The four threats identified by the Chamber and the industry counterarguments are:
- Litigation funding will increase the volume of abusive litigation based on the premise that funders will finance speculative claims in hopes of large rewards. The industry has effectively countered this argument by pointing out that litigation funders only fund meritorious claims that are very strong on the merits because the funders only receive a recovery in cases that are successful.
- Litigation funding will undercut the plaintiff’s and its lawyer’s control over the litigation. Again this argument has been refuted by the industry because litigation funders have consistently respected the plaintiff’s right to control the litigation process and the lawyer’s duty to provide independent advice.
- Litigation funding will prolong litigation. This argument also fails. It is the large companies that employ scorched earth tactics that tend to prolong litigation in hopes of wearing down smaller plaintiffs. Leveling the playing field actually promotes settlements rather than prolonging litigation.
- Litigation funding compromises the attorney client privilege and diminishes the professional independence of attorneys.
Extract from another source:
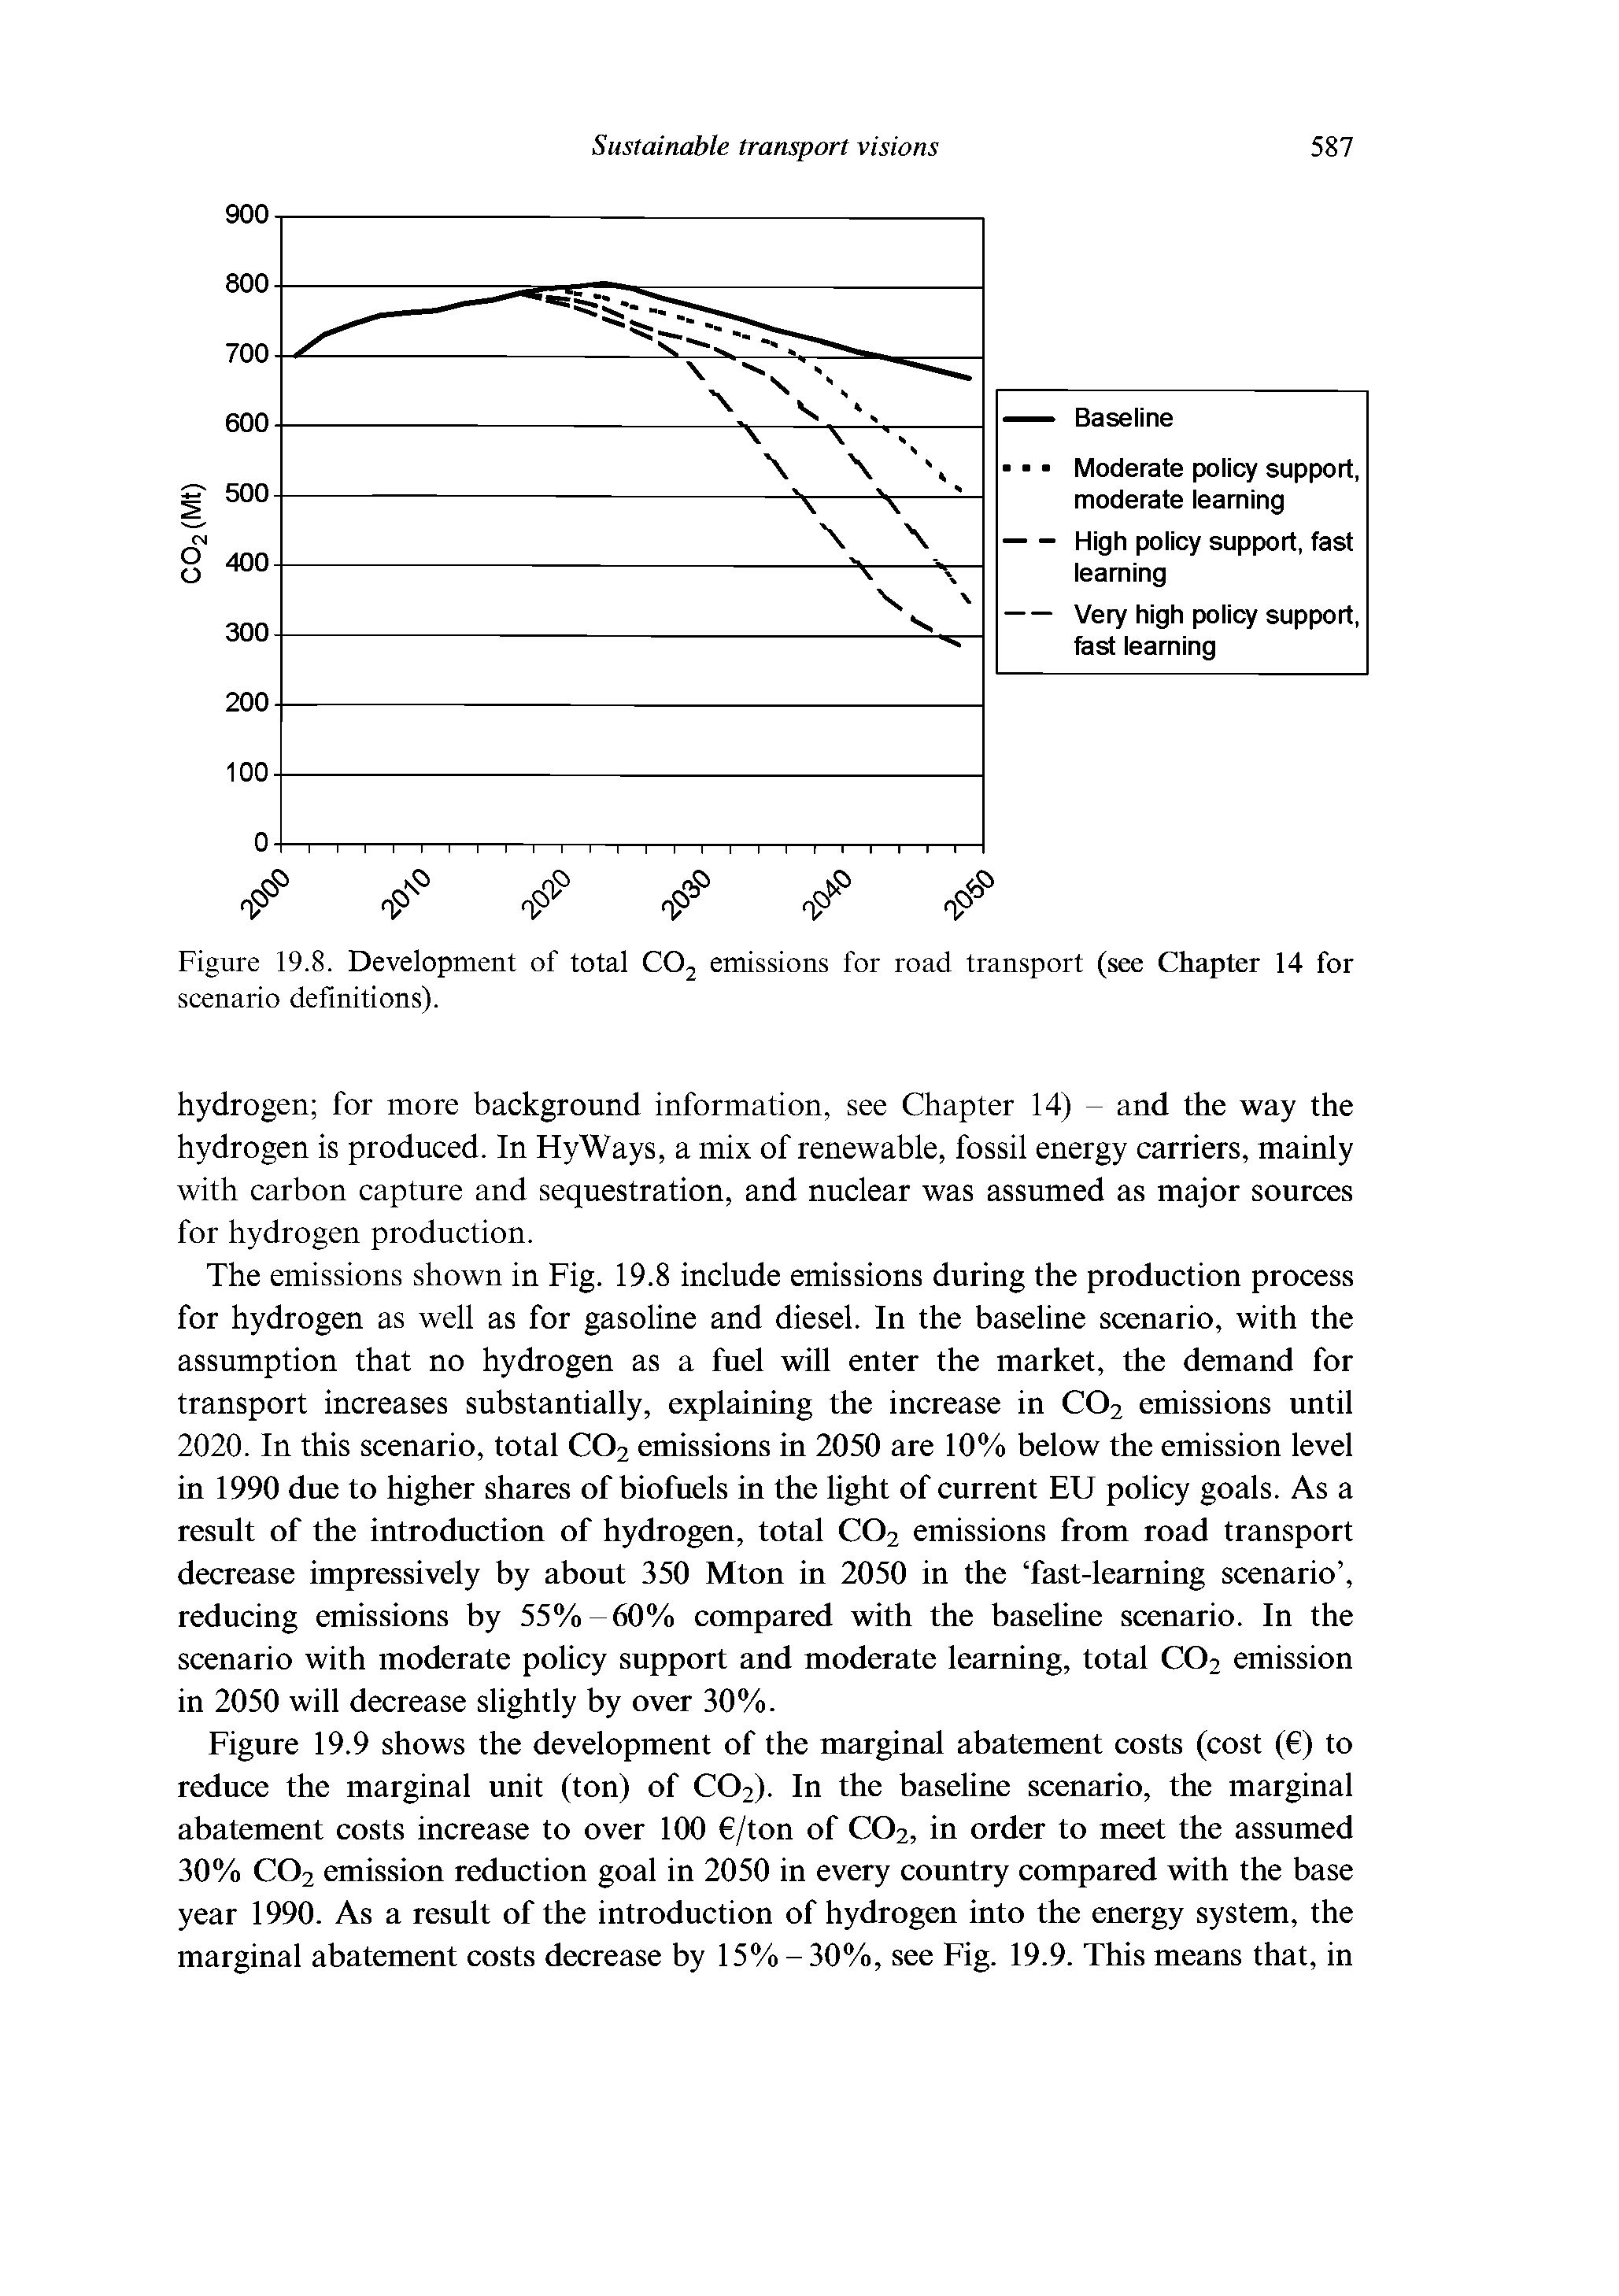 Figure 19.8. Development of total C02 emissions for road transport (see Chapter 14 for scenario definitions).
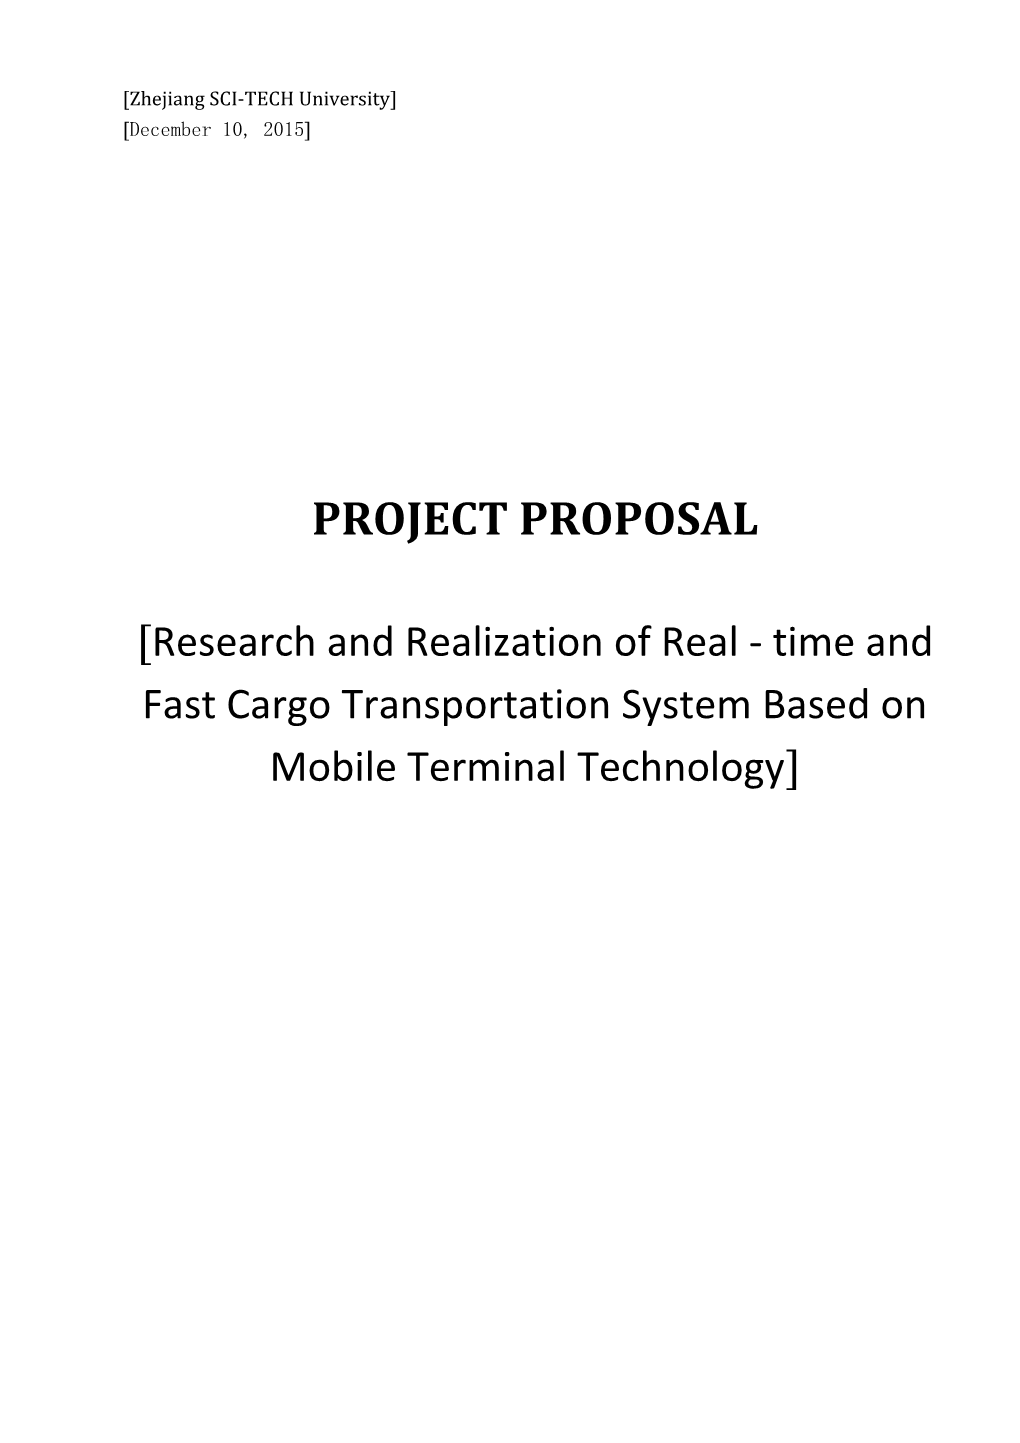 Project Proposal s4

Litigation funders are very sensitive about protecting privileged material so as not to undermine the case and funders respect the lawyer’s ethical duty to remain independent.
Based on these assertions, the Chamber had proposed a registration process with a filing fee of $1M to defer the administrative cost of the regulatory process. It should be noted that the Australian Productivity Commission has recommended consideration of a similar registration requirement along with capital adequacy rules in Australia which is the subject of some current debate. On another front, the Chamber proposed on April 9, 2014 an amendment to Federal Rule of Civil Procedure 26 that would require disclosure of third party investments in Federal litigation.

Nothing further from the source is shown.